The guys were nice to me, too. They invited me to play basketball with them while we waited for our parents to pick us up. I was getting sucked in.

But, then again,  I was somewhat of a freak there, too.  I was strolling through the halls of the church one night when I was suddenly yanked into a church office to discuss the Nirvana t-shirt I was wearing.  I was straight up promoting the devil with that T, they told me. They seemed very alarmed.

Exhibit A: The satanic t-shirt in question.

They sent some kids from the youth group, junior exorcists, to talk to me more about devil music.

They all agreed I should ween myself off the devil punk/metal stuff with a “Christian punk” band named One Bad Pig. They gave me a cassette tape and a pat on the back.

“This is awesome, you’ll love it!” They all said.

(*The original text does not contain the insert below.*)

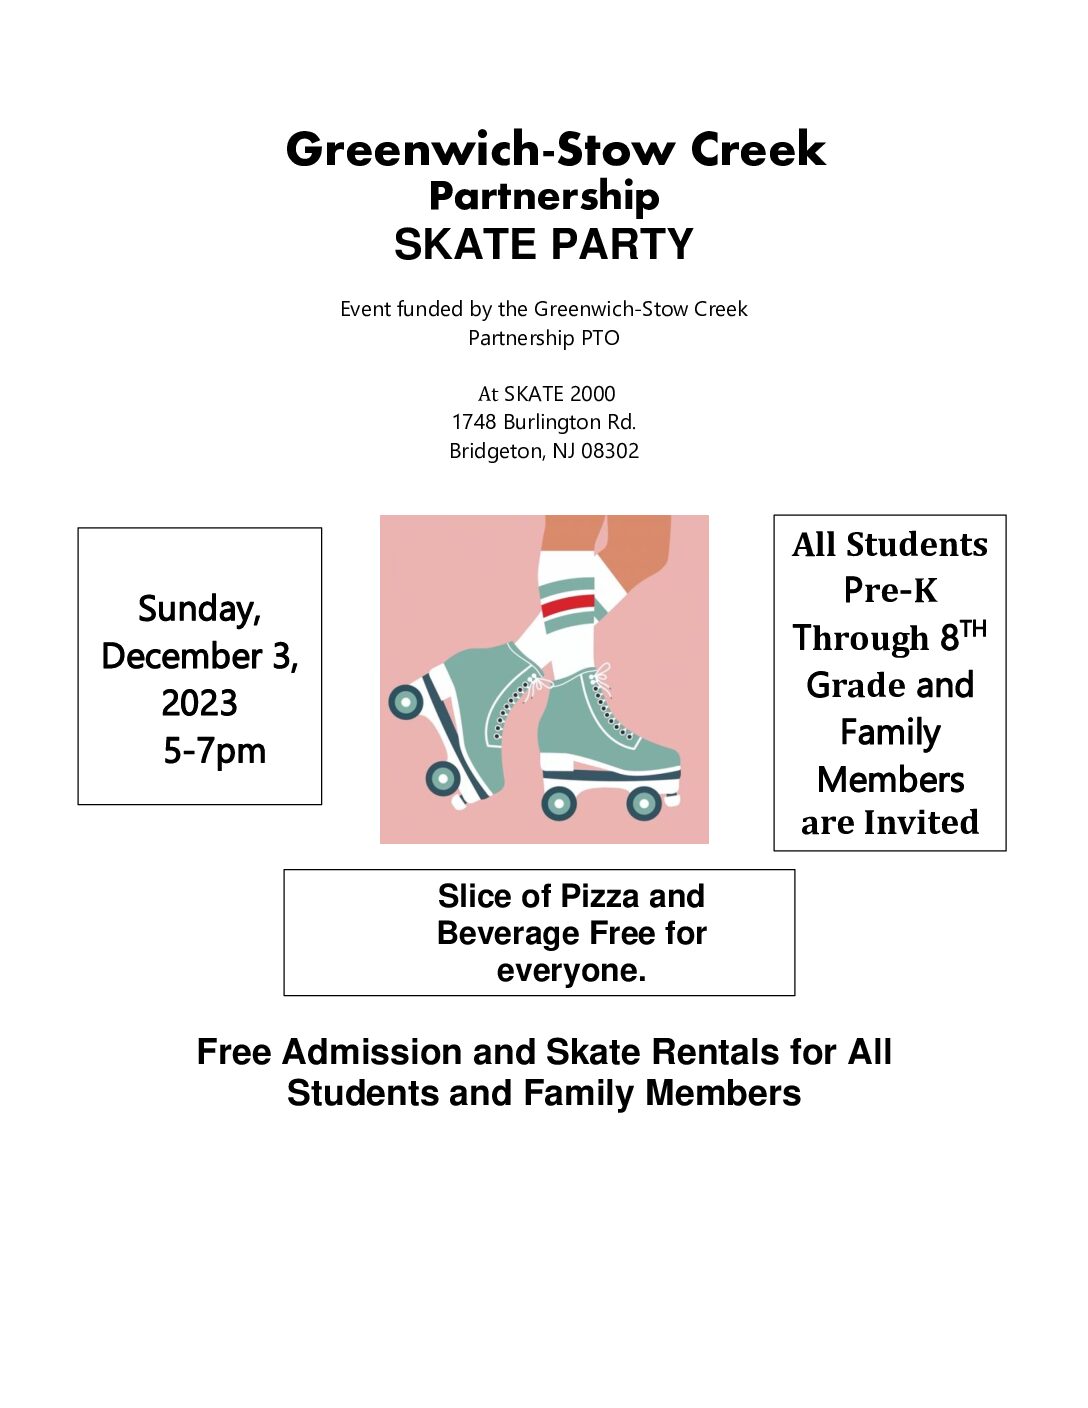 Holiday Skate Party

Love is not quite the word I’d use.

One Bad Pig was a bunch of youth leader clowns who decided they should put on punk rock disguises and do a third rate Suicidal Tendencies impersonation to try to reach the kids, and that is exactly what it sounded like. How they flim- flamed Johnny Cash into covering the shittiest version of “Man in Black” ever with them remains one of rock’s great mysteries.

Exhibit B: These guys are totally dope punk rockers. No, really, you can trust us.

Anyway, I was trying to ignore all this. Besides the occasional “oh, you” scolding about music and t-shirts, the group was very nice to me and that simple fact was huge to me. Maybe this could be my group, I thought. I could be the lovable outsider of the gang, like The Fonz or Judd Nelson.

So, I signed up for the trip–ten days of sightseeing, Christian motivational speakers, Christian music, hiking, and lots of praying.

After a couple days I realized I just couldn’t do it. This group wasn’t me. I couldn’t be The Fonz or the Judd Nelson or anyone of the group. The group was about a strange optimistic, naive conformity that went against my grain. And the group sing-a-longs were driving me totally mad.

One night we were told to report to some sport arena for a mega God rally for more of the same. More talk about Satan cruising around with Nirvana or whatever, more sing-a-longs, more praying. God must be really sick of all this mundane praying, I thought.

I decided I would skip it and go wander around downtown Denver by myself. I later got in some trouble for this. It wasn’t allowed and my youth pastor suspected I was trying to score drugs.

I walked and walked. I eventually found a cool looking skate shop, went in and bought an Alien Workshop t-shirt. I threw away my old shirt and put the new one on. Then I sat down on a bench in a pedestrian mall to watch a  couple of skaters zooming around, awkwardly trying to do ollies and slides on park benches.

I sat there on the park bench, trying to think. My mind was like an engine turning over and over and flooding, but not starting. Then I had a strange visitor.

She was slowly cruising toward me on a pair of rollerblades. She had neon pink hair, tied into two clumsy pigtails, a plethora of facial piercings and gawdy gothic jewelry, a plaid skirt and a Quicksand t-shirt. Most alarming, though, was the fact that every inch of her elbows, forearms, knees, and legs were badly scraped and oozing blood.

She sat next to me, pulled a long cigarette from a pack and lit up.

“Man, I should really learn how to fucking skate before I try doing jumps off stairs and shit.” She told me.

“You’re bleeding all over.” I replied.

She looked down at her legs, exhaling smoke.

“Yeah, no shit.” She told me. “You’re real fucking observant, aren’t you?”

“Yeah, yeah.” I said, dismissing her dripping sarcasm. “That’s a pretty cool t-shirt. Quicksand is pretty badass.”

I had never listened to Quicksand before.

Despite  the fact that I was obviously a huge poser, the girl sat and chatted with me for awhile. Like we were friends. I was pretty much in awe of her and had a pretty intense momentary crush. She told me about bands she liked and Denver and asked why I was here. I told her. She laughed.

“Well, good luck with that, Tea. Don’t let them get you! It was nice meeting you.” Then she nonchalantly wiped some blood off her arm with her t-shirt and rollerbladed off.

I hooked back up with my youth group later and suddenly felt really bored with them.

When I got back home I bought a Quicksand album. I thought it sounded really good.

Exhibit C: Dude, check it out, it's Quicksand!